We broke up because she said she didn't want a real relationship because she just got out of an abusive one a few months before we did. She said she has to much going yet she can party at night. She says she works all the time yet when we were together she did nothing but come and see me. She was the one who called me and told me that she wanted to see me. If we didn't see each other on a particular day, she is the one who said she missed me. She is the one who wanted me to meet her father (who lives 1.5 hours away) and go to his lakehouse. She seemed REALY into me. Then one night was our mutal friends birthday. They were going bowling. I did not want to go as I had a stressful week and wanted to get drunk.
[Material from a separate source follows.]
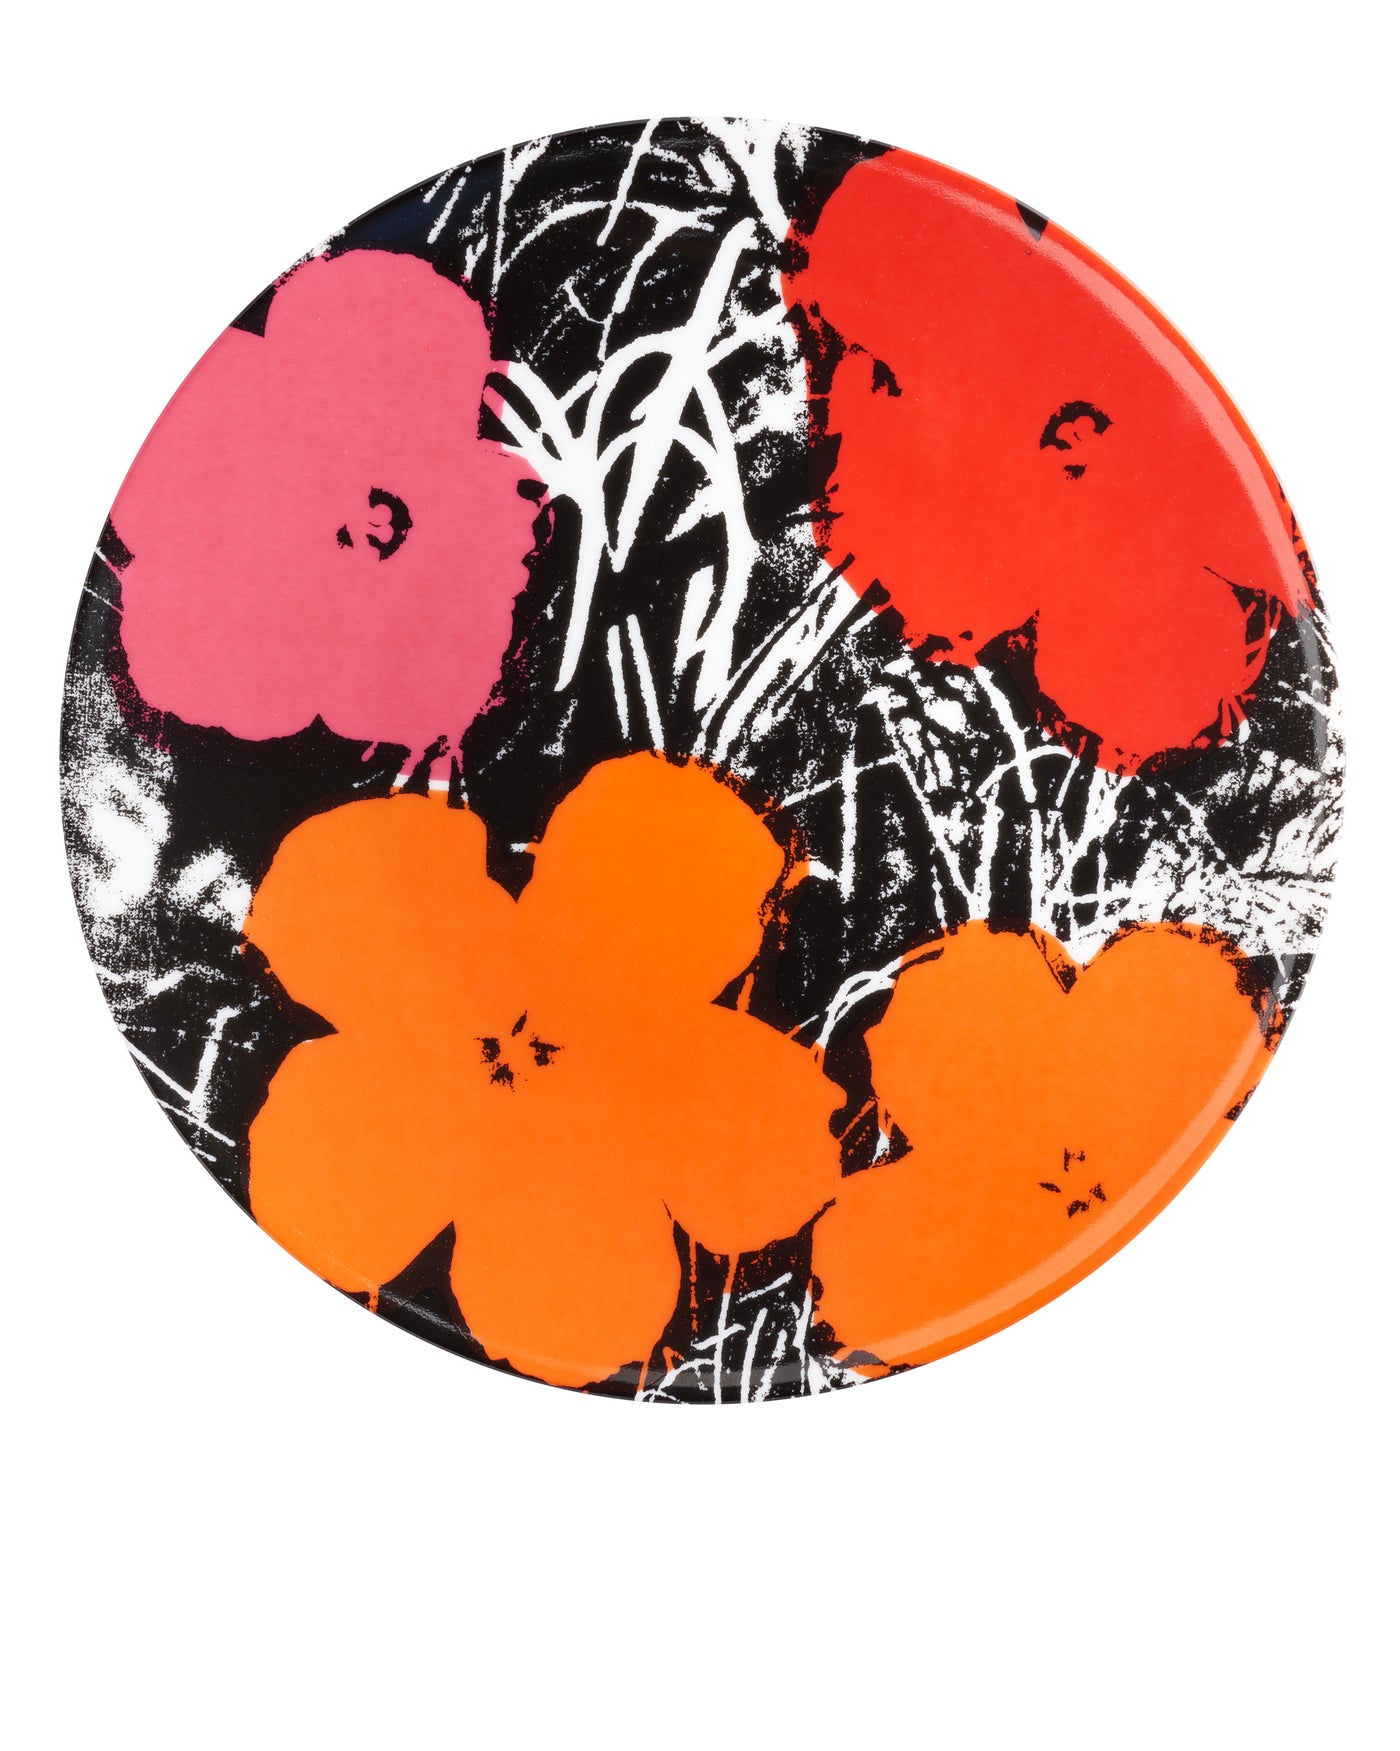 Andy Warhol Plate Flower Red/Pink

We both made plans to do this earlier in the day. Then ashley calls my ex. I call my ex back and all of a sudden she is going up there and not going with me. I felt like she ditched me so i called her back. We got in an arguement and in the heat of the moment I said "Don't call me, peace" She did not answer the phone for 3 days. She messaged me on myspace replying to my message that I had sent her and she said that she didn't want to have this anymore and that she was sorry for not responding earlier but she was so busy. She said she felt like she was the only one putting effort into the relationship and that I b*tched to much.

 

 

Which I may have as I was stressed out about not having a job. So we decided on becoming friends. Well i called her and asked her to go to lunch with me some day and she responded saying "I have some runnings to do but I'll call you later today or tomorrow and we can talk about lunch." So I wait all day and no call. I would realy like her to get to know the kind and gentle side of me. But I can not do this if she stands me up. I realy feel like messaging her right now and letting everything in my heart out that I feel. It would be pushing her away but I need to explain how i feel. I need to tell her that I messed up and that I was wrong. I need to tell her that I would like a second chance and that I could make her happy. I can not take this stress. I work at 4 am in the morning now and with being overtired/her on my mind, I just break down, right at work. I hide it so noone sees it, but it isn't right.

Posted

She has already stated that she did not want a relationship. That is why you broke up.

 

The I will call you is like what some girls and guys do because they think they are being more gentle. That's just my opinion though. You can try to tell her how you feel, pour your heart out but I think it's just going to be broken if she's already said she did not want a relationship.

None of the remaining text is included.